Problem statement | Beginning with the line that holds "Mi mundo de", write out each line exactly as it stands until the end of the data, and include no pictures.

Data provided |

==============================

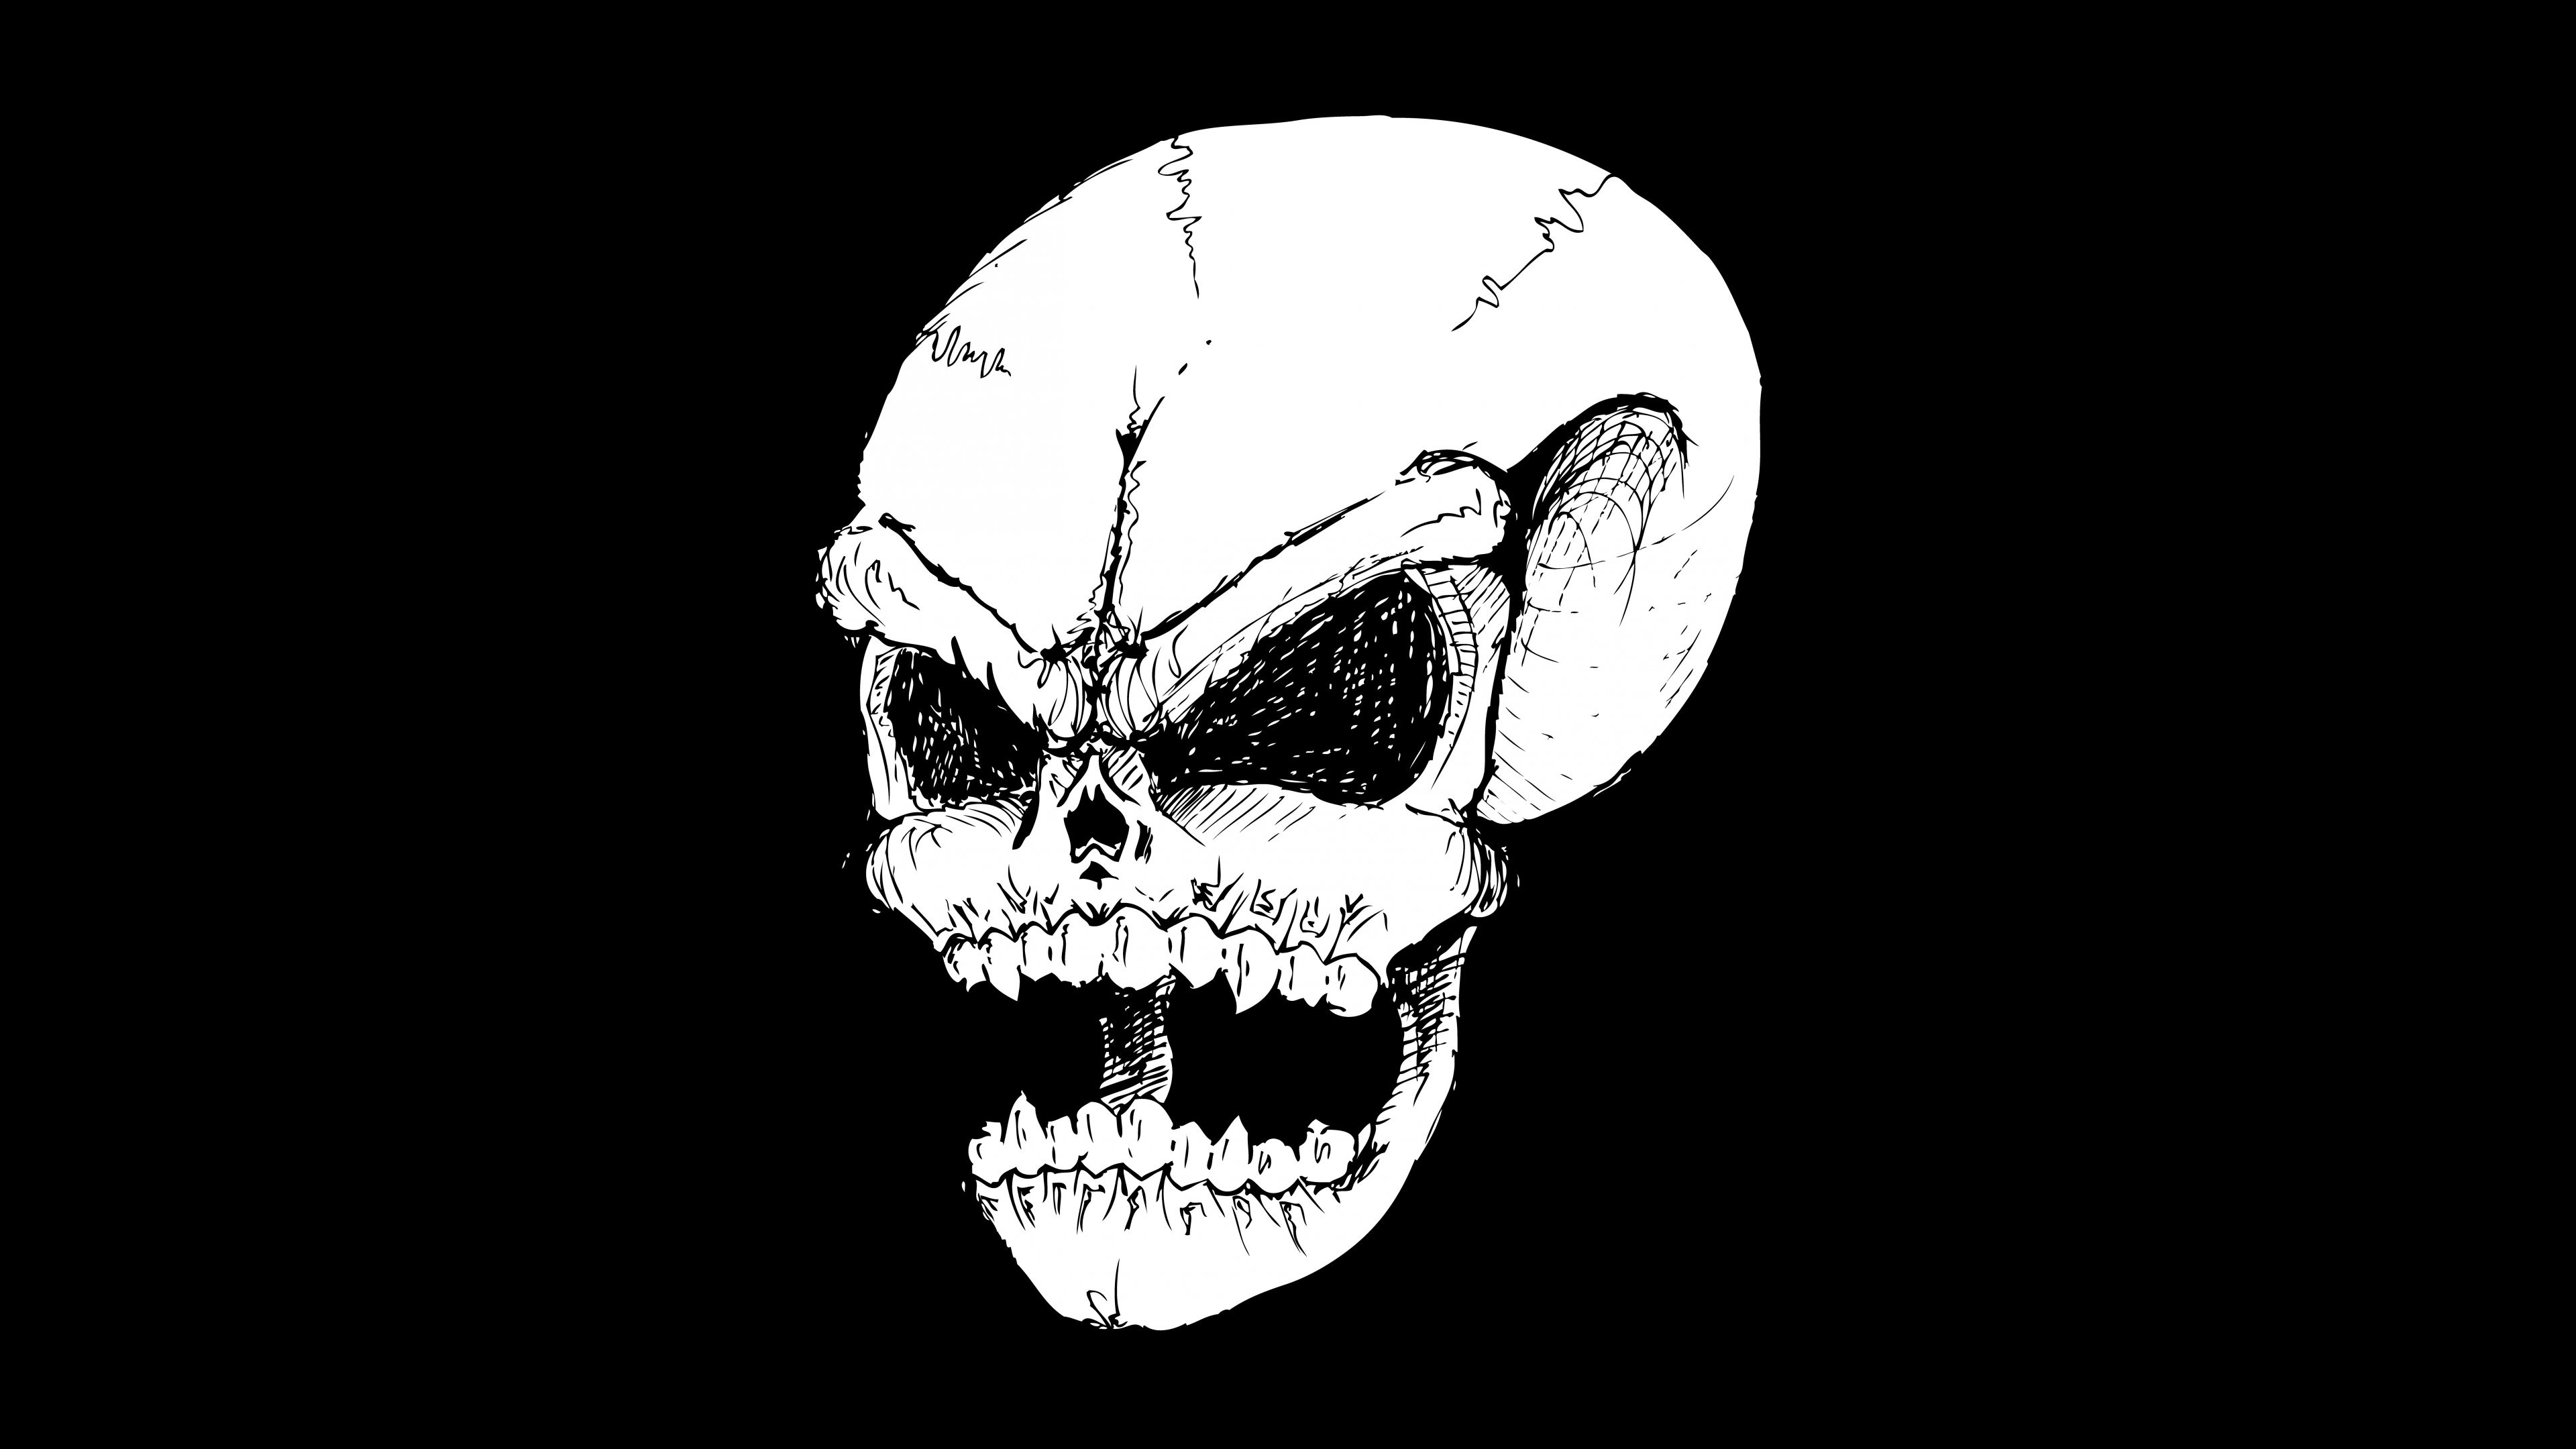 evil skull wallpaper  u00b7 u2460 wallpapertag
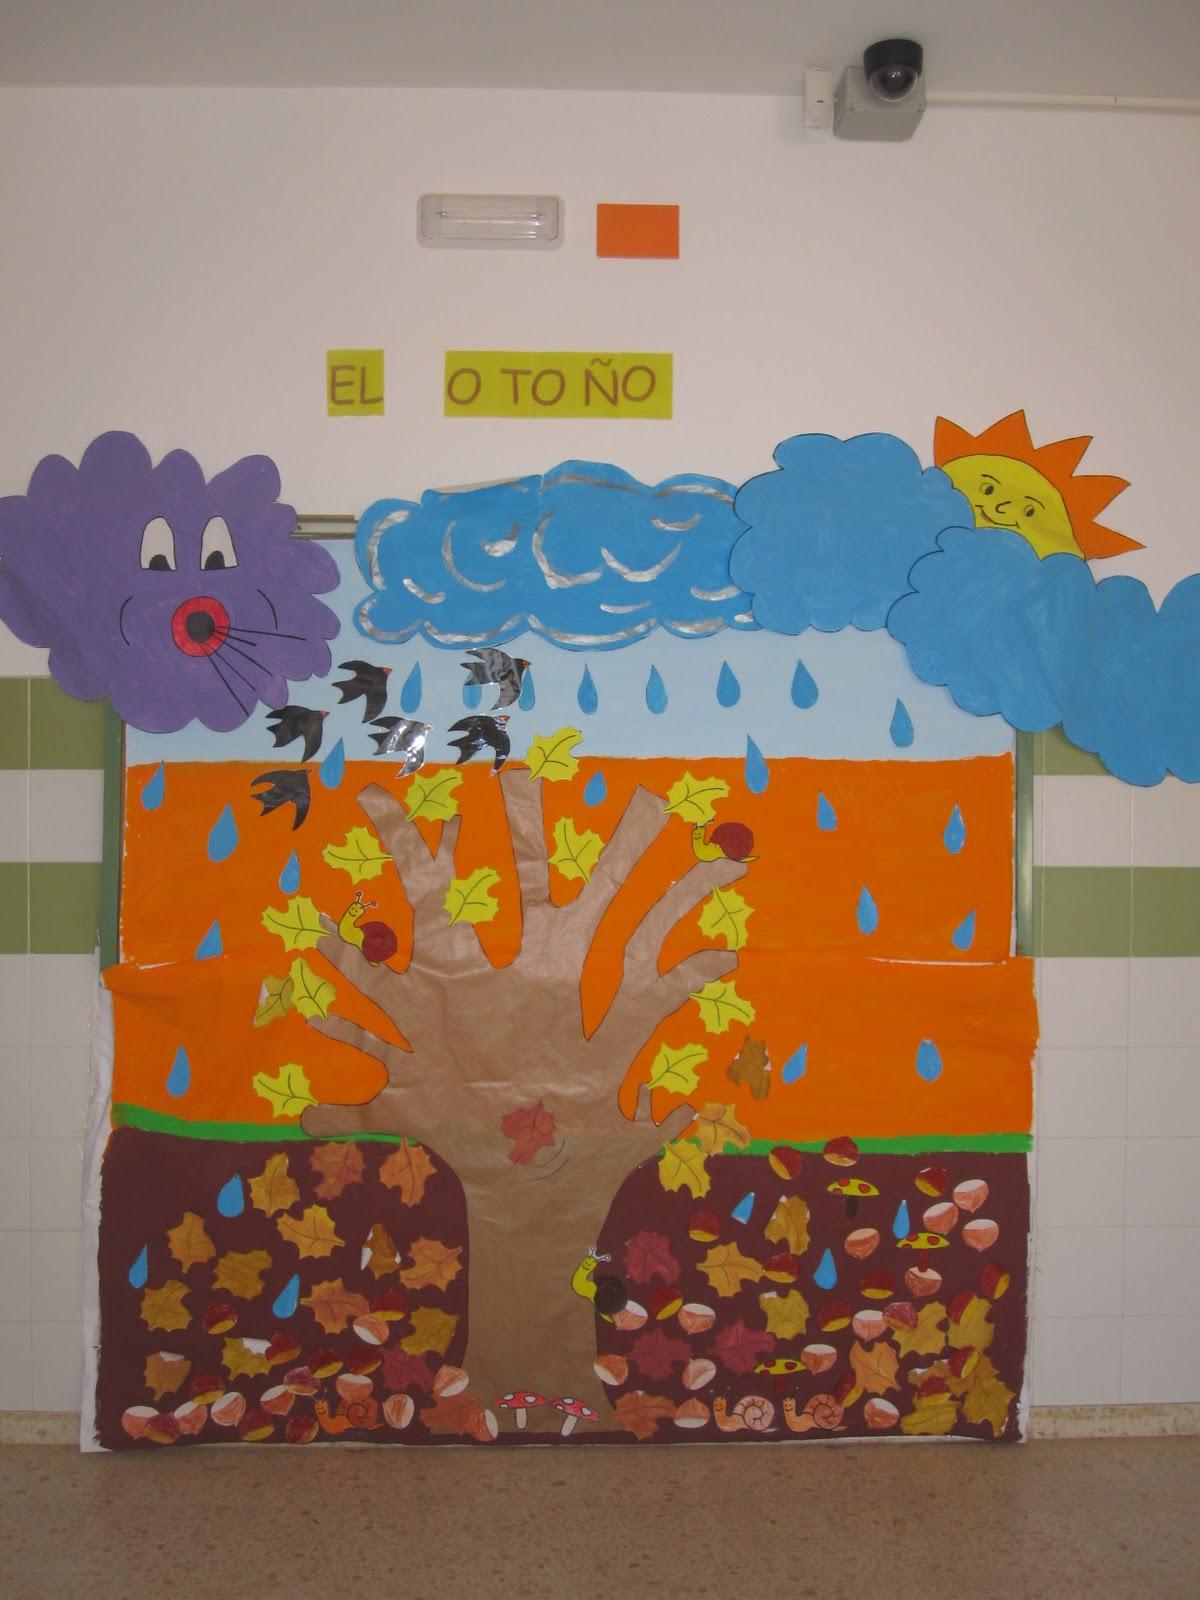 Mi mundo de colores educaci n infantil mural del oto o - Mural pared infantil ...
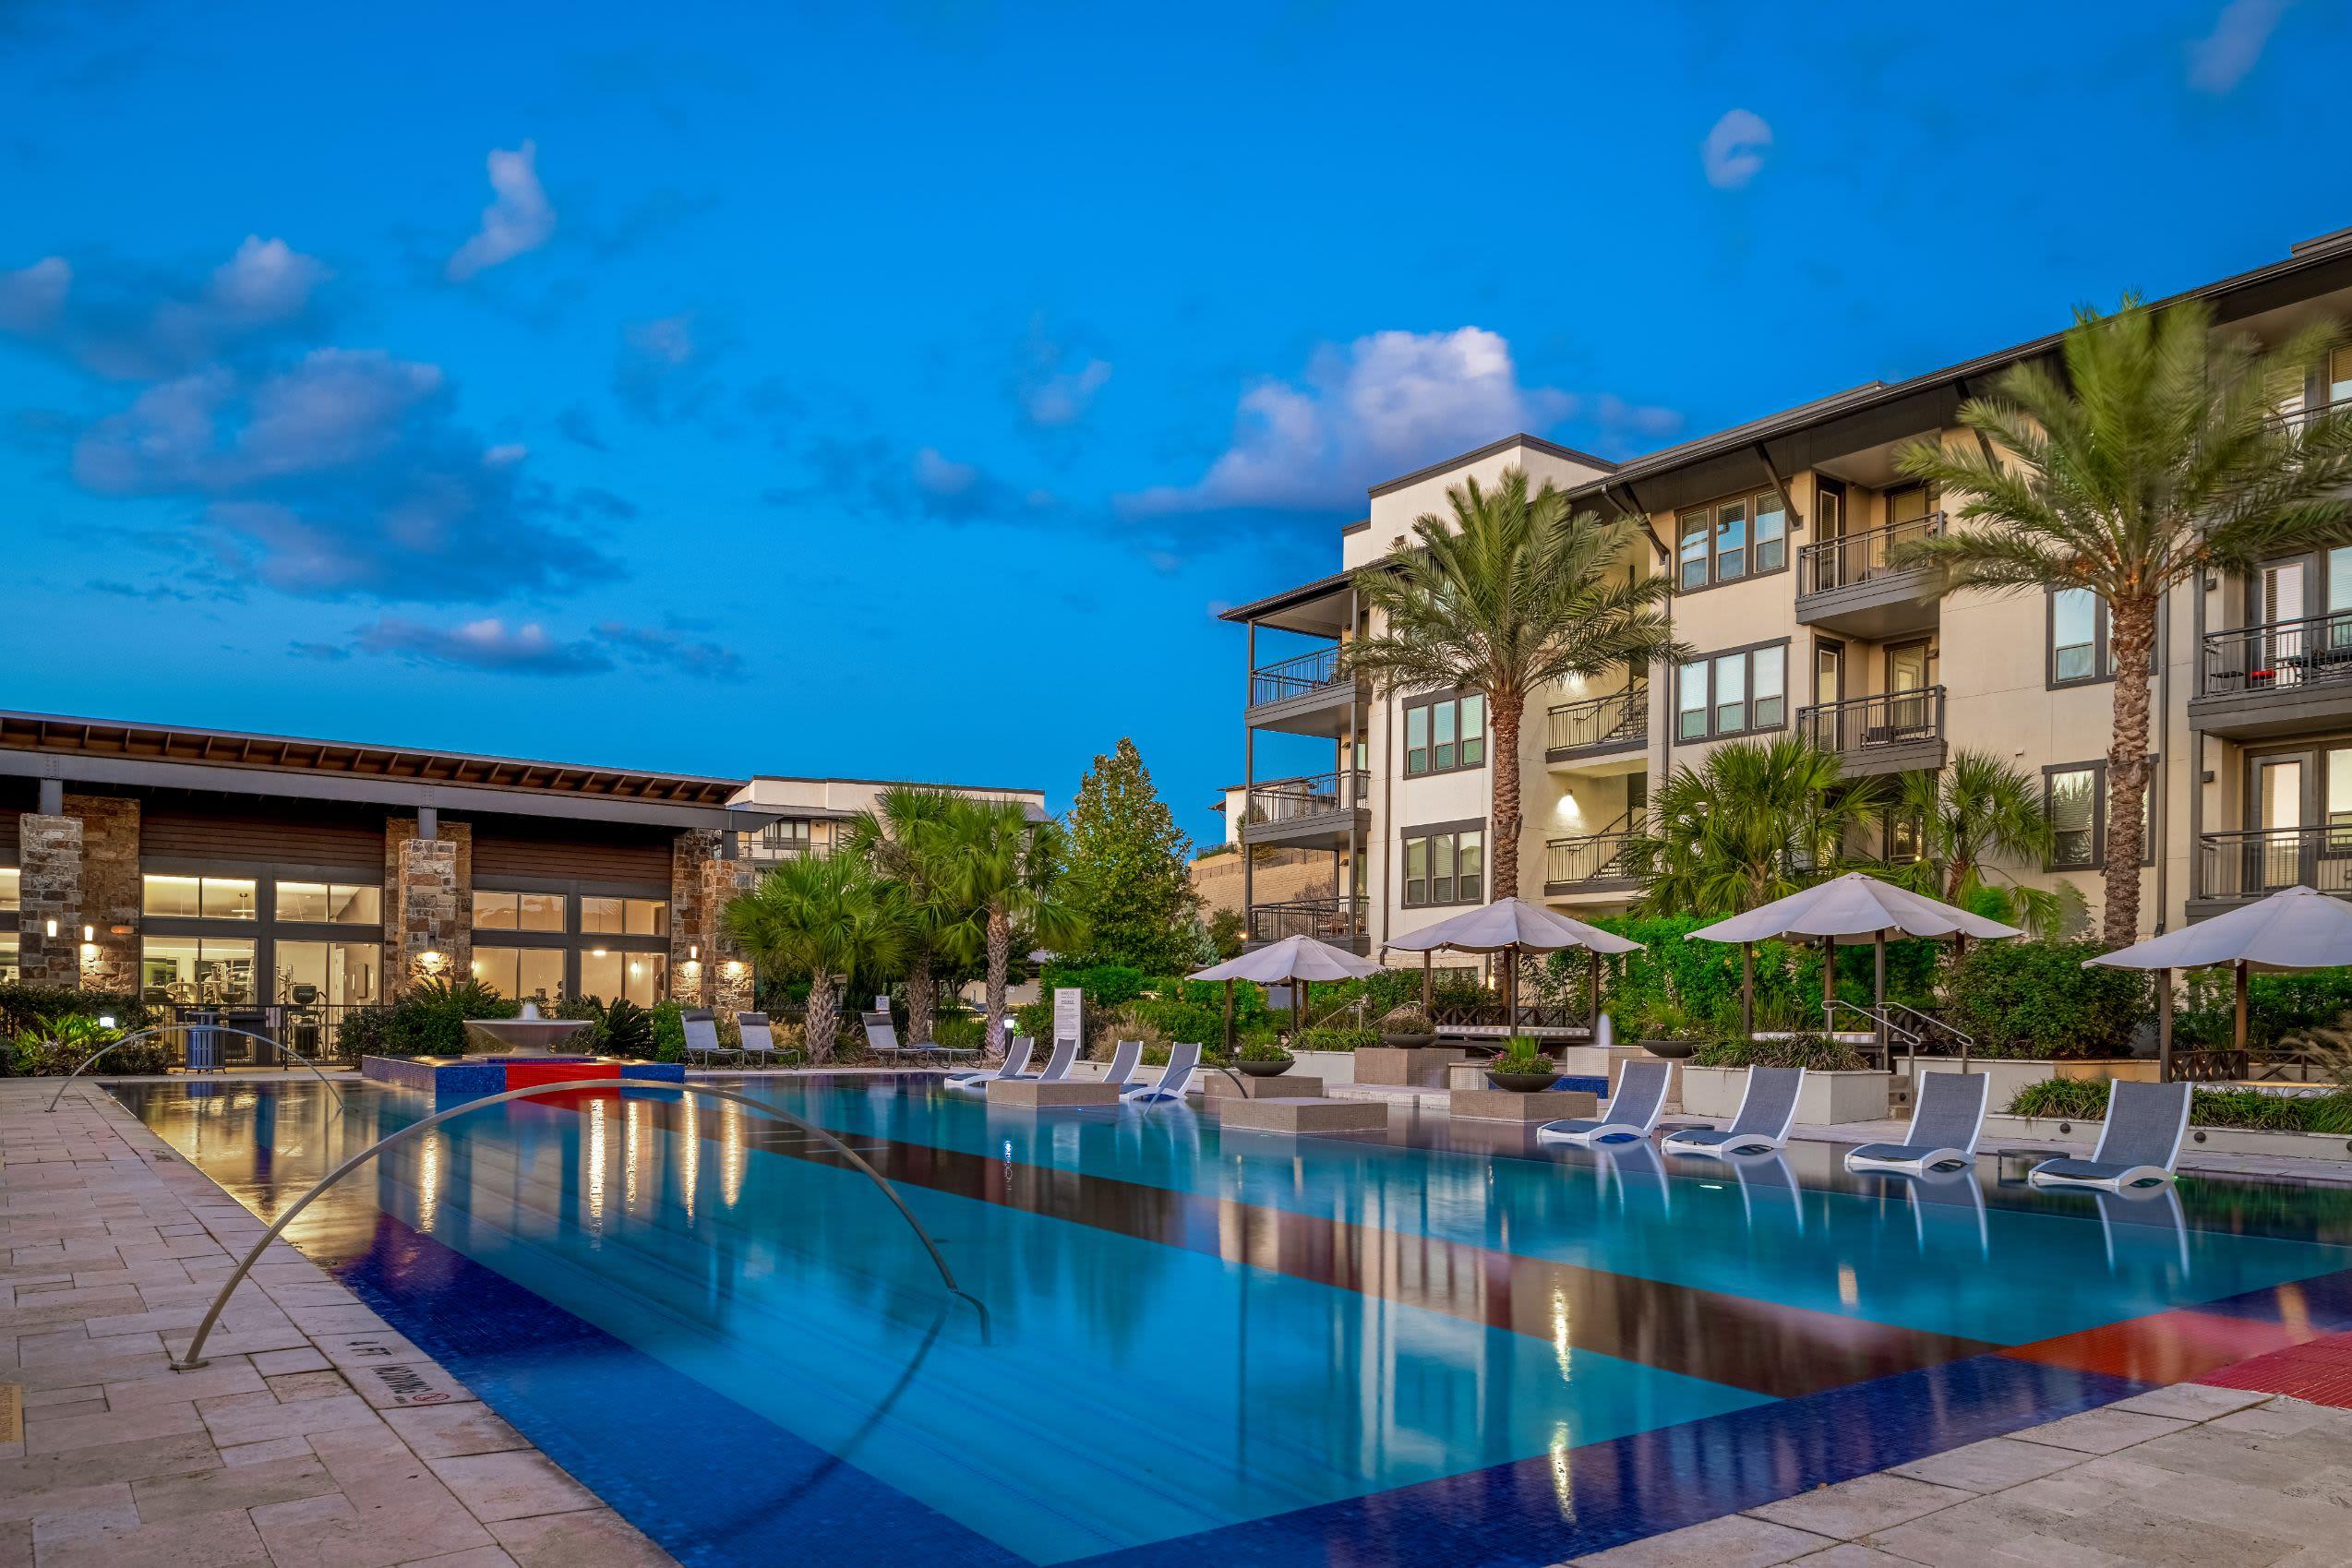 Resort-style swimming pool at Marquis Cresta Bella in San Antonio, Texas

==============================

Task result |
 Mi mundo de colores educaci n infantil mural del oto o - Mural pared infantil ...
 Resort-style swimming pool at Marquis Cresta Bella in San Antonio, Texas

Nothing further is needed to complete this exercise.